La depresión clínica constituye hoy en día un problema de salud con graves repercusiones para el paciente, los familiares y la sociedad en general.


La depresión nos afecta física y mentalmente en nuestro modo de sentir y de pensar. Se presenta como un conjunto de síntomas de predominio afectivo (tristeza patológica, apatía, desesperanza, decaimiento, irritabilidad, sensación subjetiva de malestar e impotencia frente a las exigencias de la vida) que además puede causarnos ansiedad, pérdida del sueño, del apetito, y falta de interés o placer en realizar diferentes actividades.


Las razones que se han detectado para caer en un estado depresivo son muy variadas, desde tener un acontecimiento emotivo, como la pérdida de un trabajo o terminar una relación amorosa importante; hasta una suma de factores y acontecimientos, como cambiar de residencia, dificulta para interrelacionarnos o sentimientos de rechazo por nuestro físico o forma de ser.

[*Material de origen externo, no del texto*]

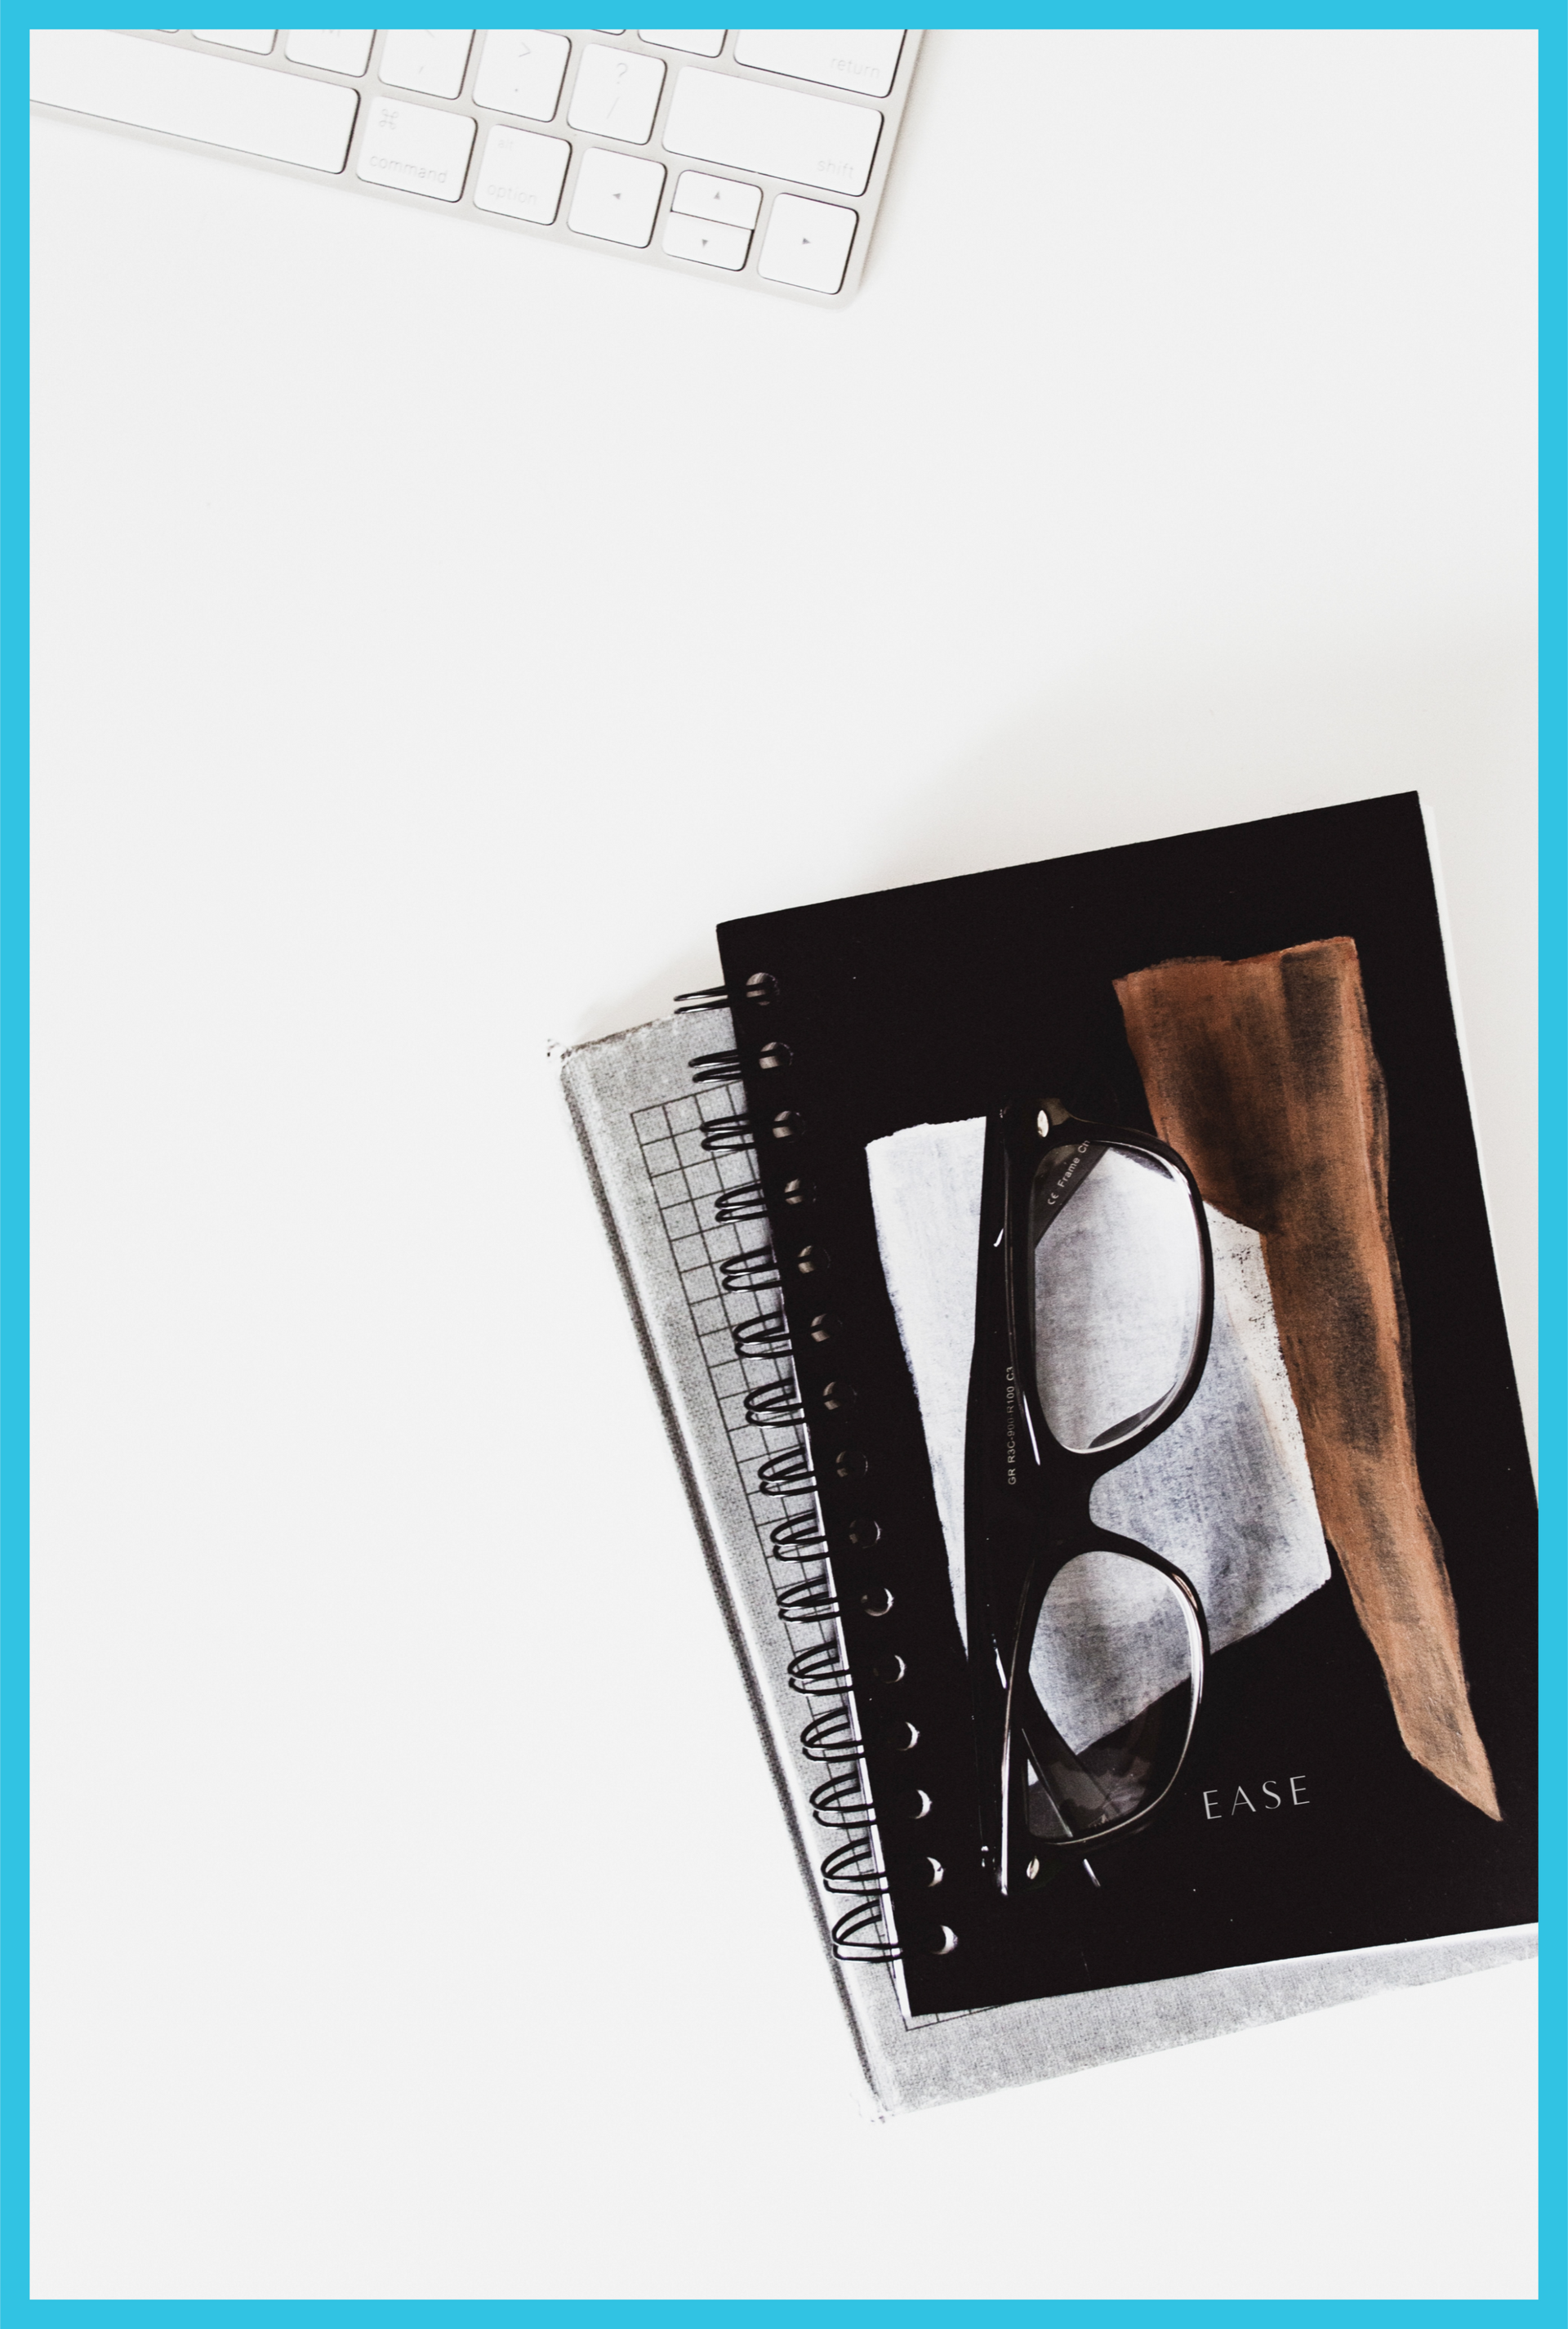 A pair of glasses sits on top of a spiral notebook

Sin embargo, hay gente que puede llegar a sentirse deprimida sin ninguna advertencia previa.


Es muy importante recalcar que la depresión clínica no es simplemente una angustia, es una tristeza o melancolía permanente. Un sentimiento negativo que nos lleva a sentir inútiles y sin esperanza. Nos hacer perder el placer por vivir y origina tensión en el trabajo y en nuestras relaciones, agravando condiciones médicas e incluso orillarnos al suicidio.

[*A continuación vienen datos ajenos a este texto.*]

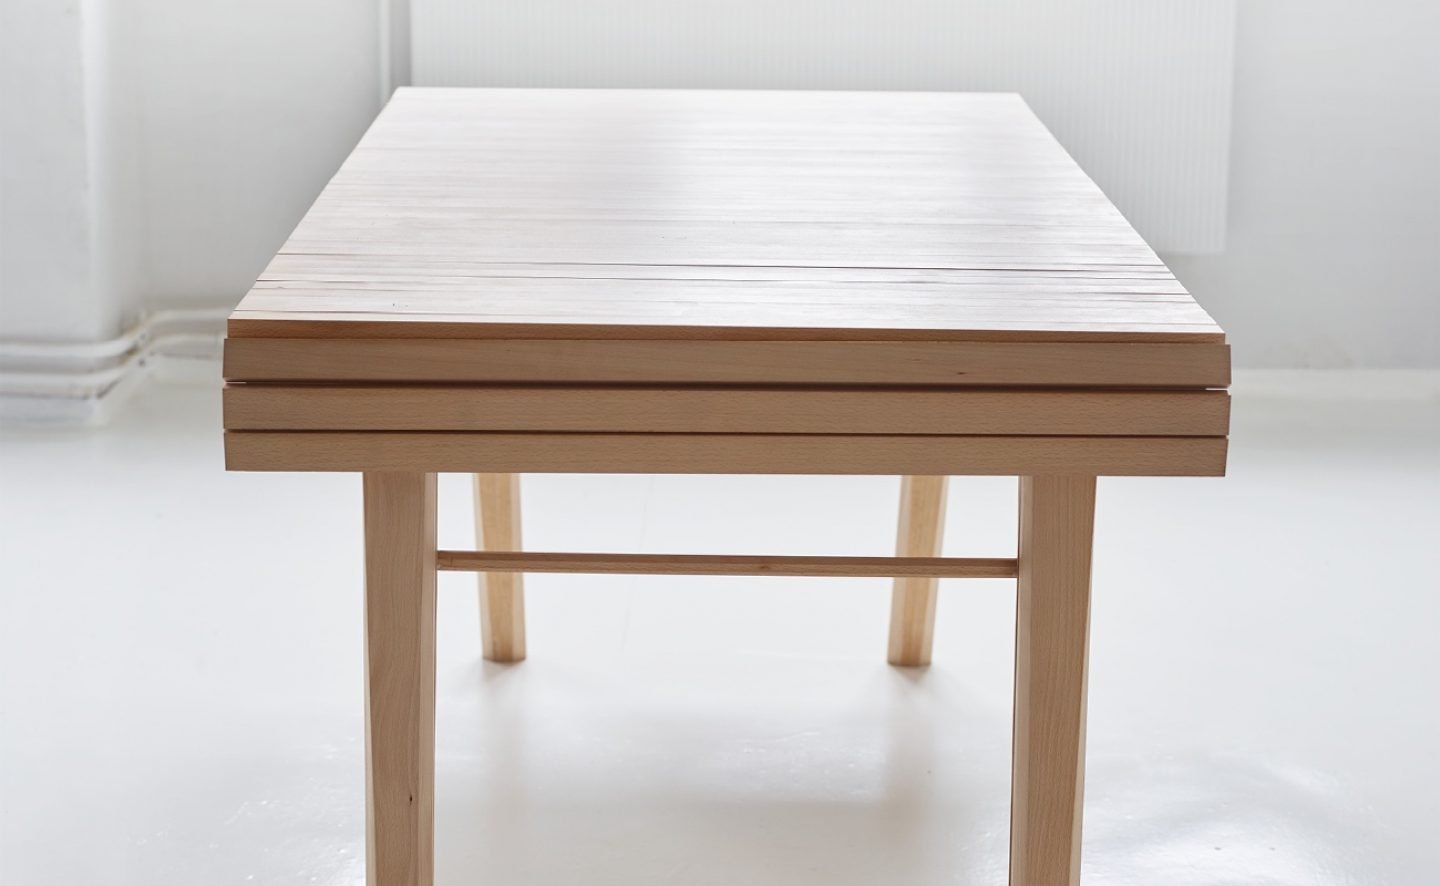 Design_Roll-out_Table_Marcus_Voraa_IGNANT_7

Tanto el diagnóstico como el proceso de superación de la depresión debe venir de la mano de un experto. Pedir ayuda es fundamental, así como ponerse en manos de profesionales en el tema.


Es necesario acudir al psicólogo y que éste ayude a entender la razón del malestar y cómo puede superarse. En definitiva, acudir a psicoterapia para aprender a interpretar la realidad desde un punto objetivo y útil.